Return the whole listing, line for line, without the pictures in it.

Top of Provided records

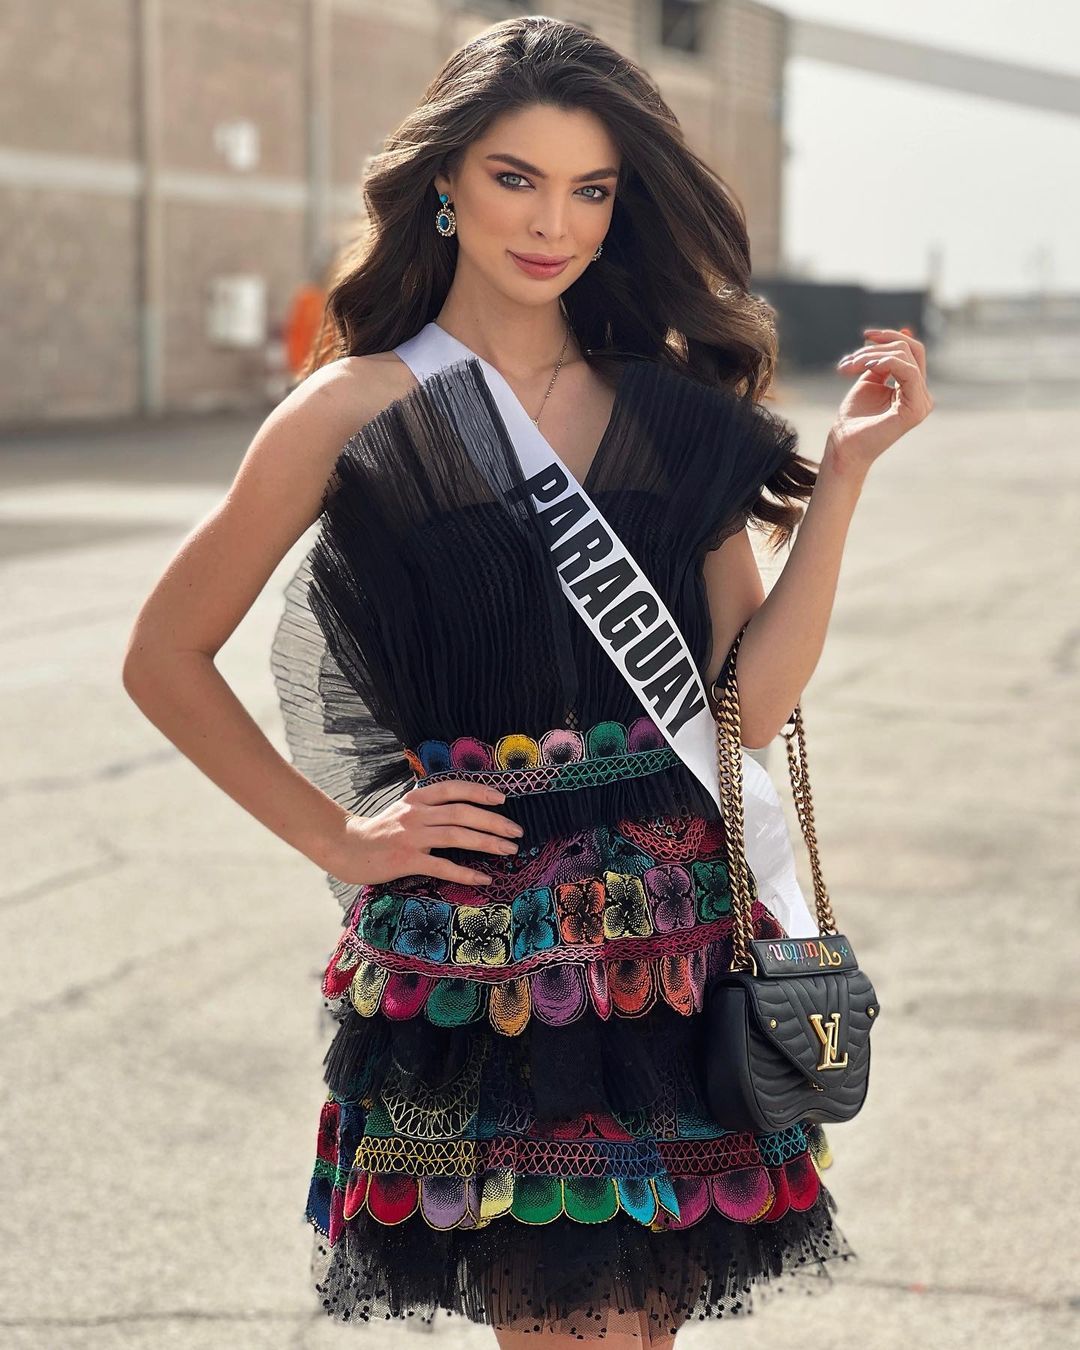 Nadia Ferreira, Miss Universo Paraguay. Foto: Instagram.
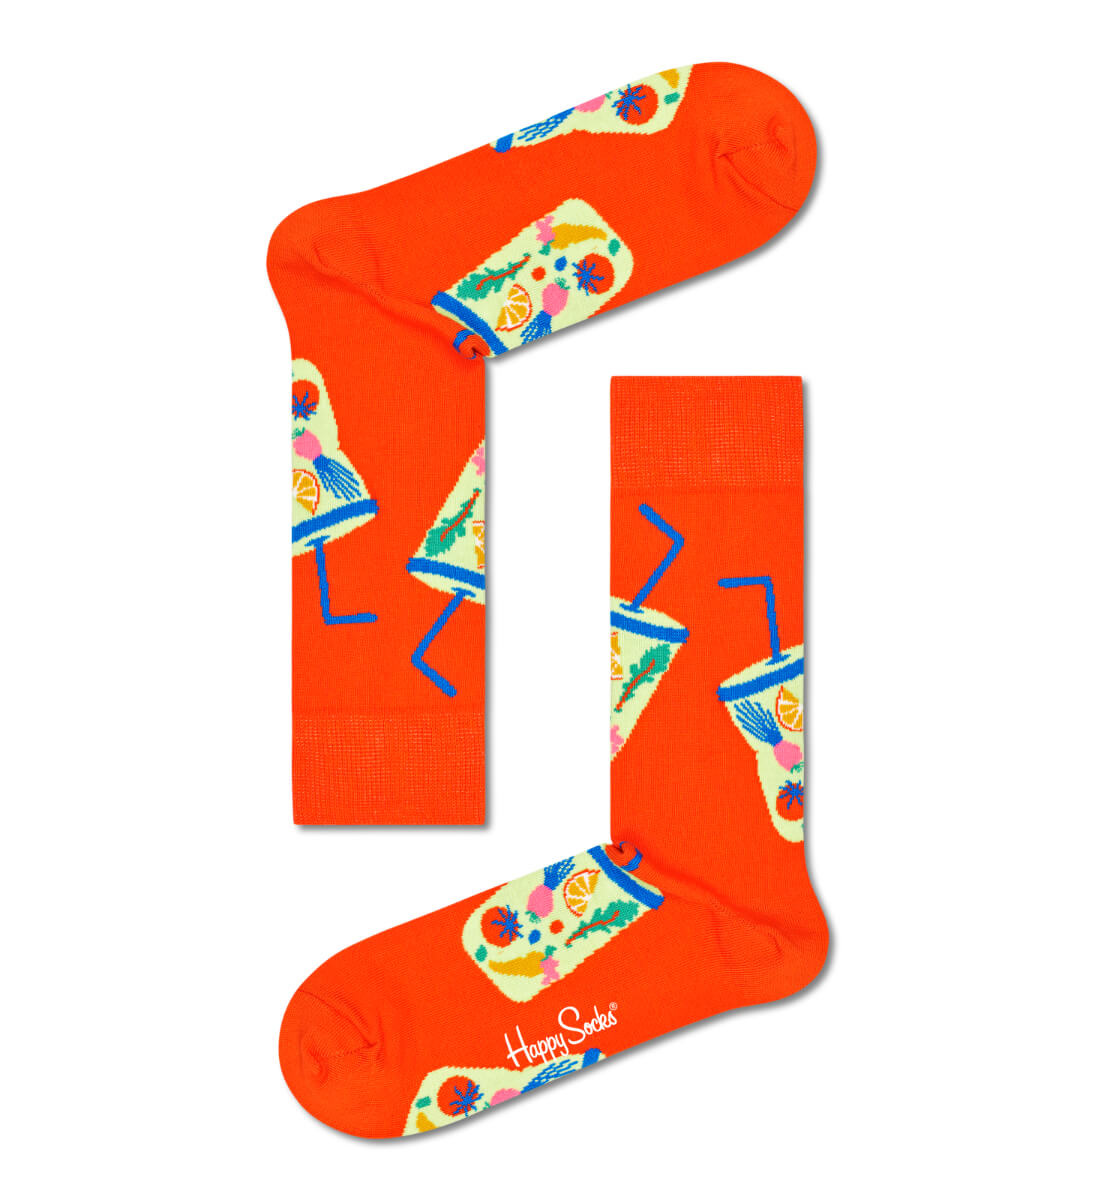 Smoothie Sock by Happy Socks
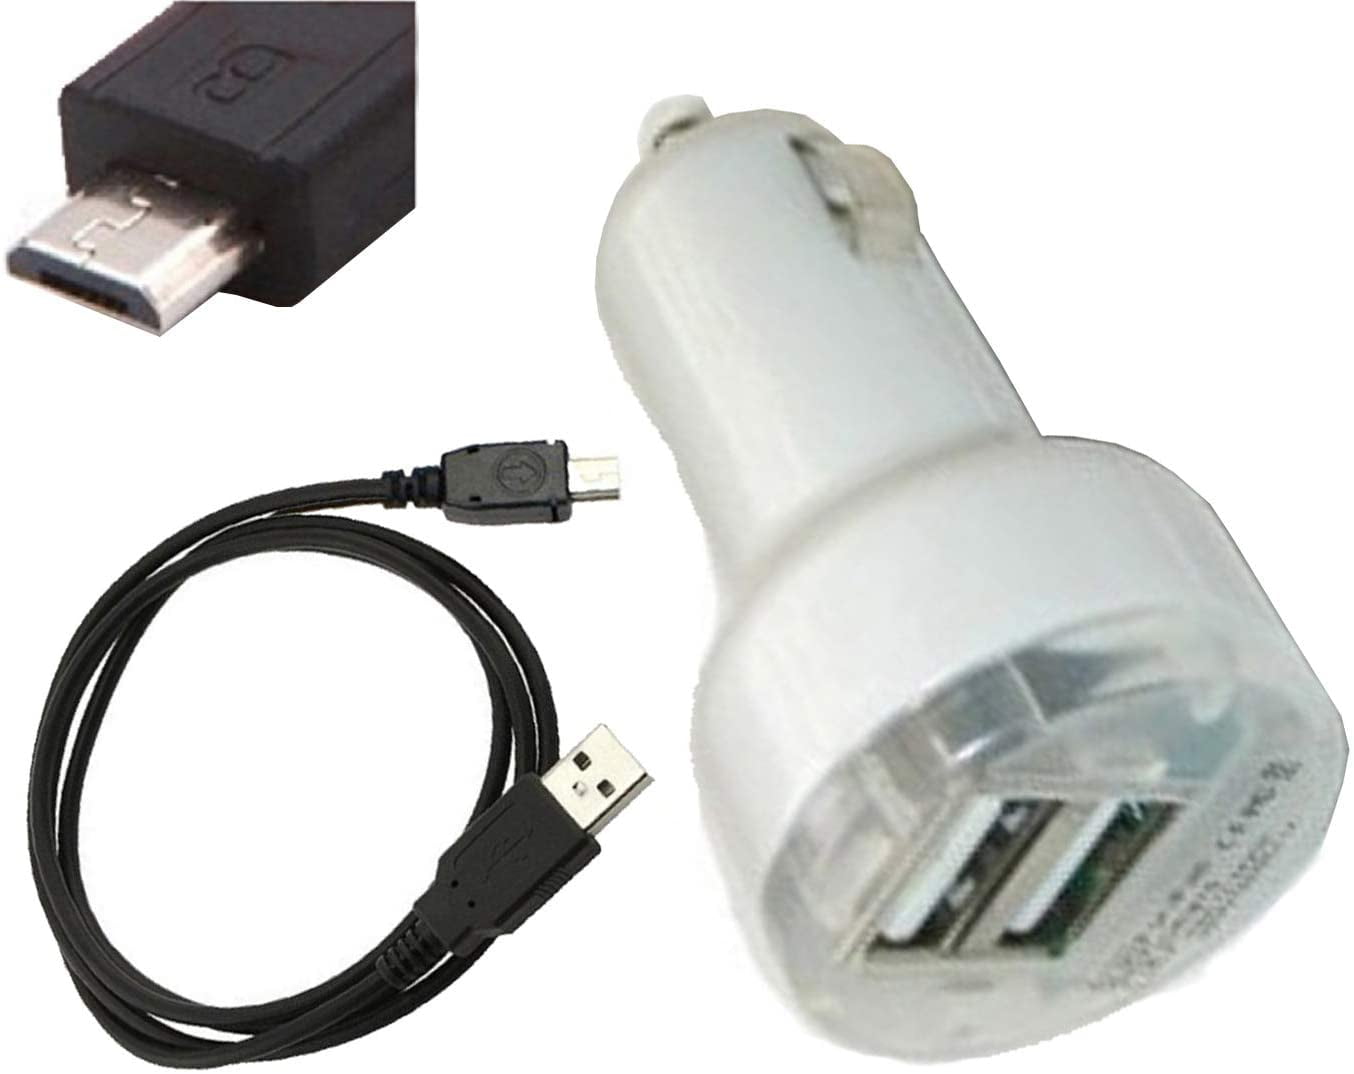 Micro USB OTG adaptador cable para kodak im5
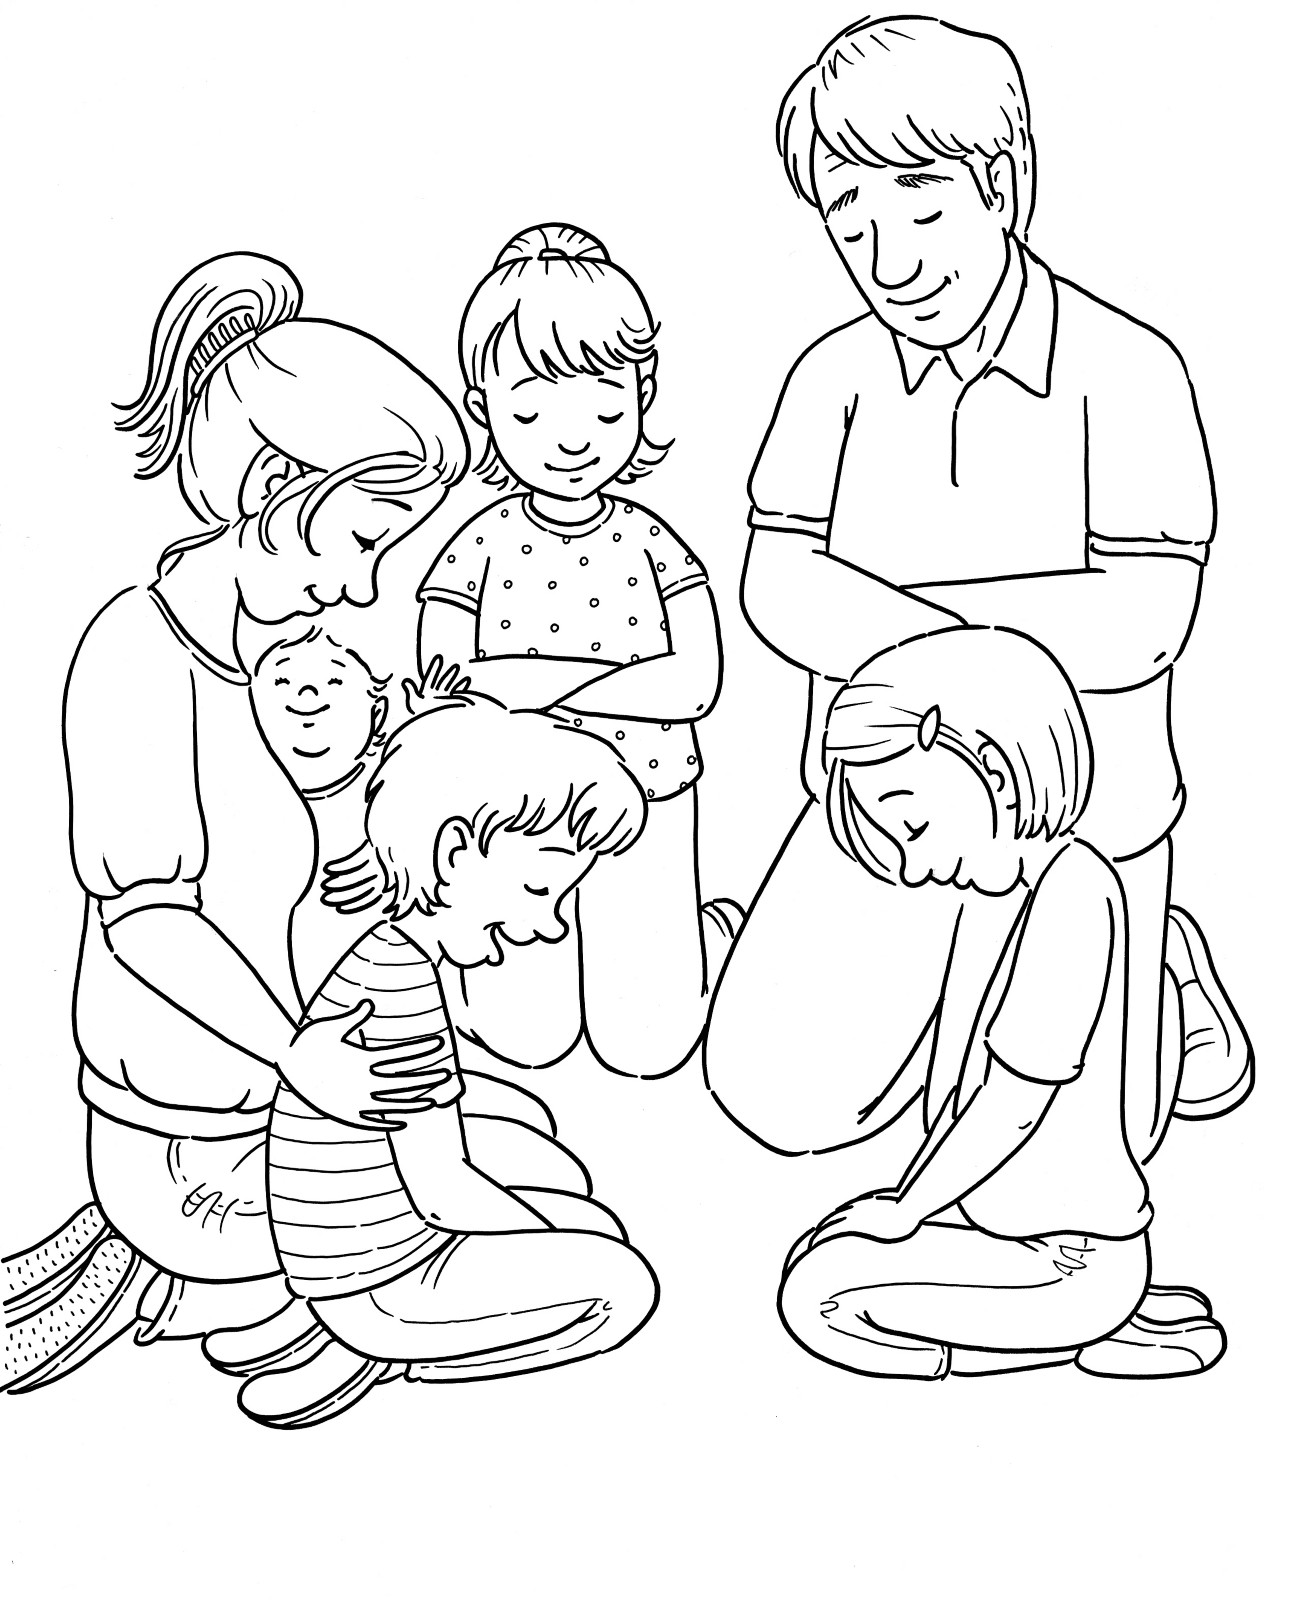 Child Praying Coloring Page
 Family Prayer

Bottom of Provided records

> **Answer box**:
 Nadia Ferreira, Miss Universo Paraguay. Foto: Instagram.
 Smoothie Sock by Happy Socks
 Micro USB OTG adaptador cable para kodak im5
 Child Praying Coloring Page
 Family Prayer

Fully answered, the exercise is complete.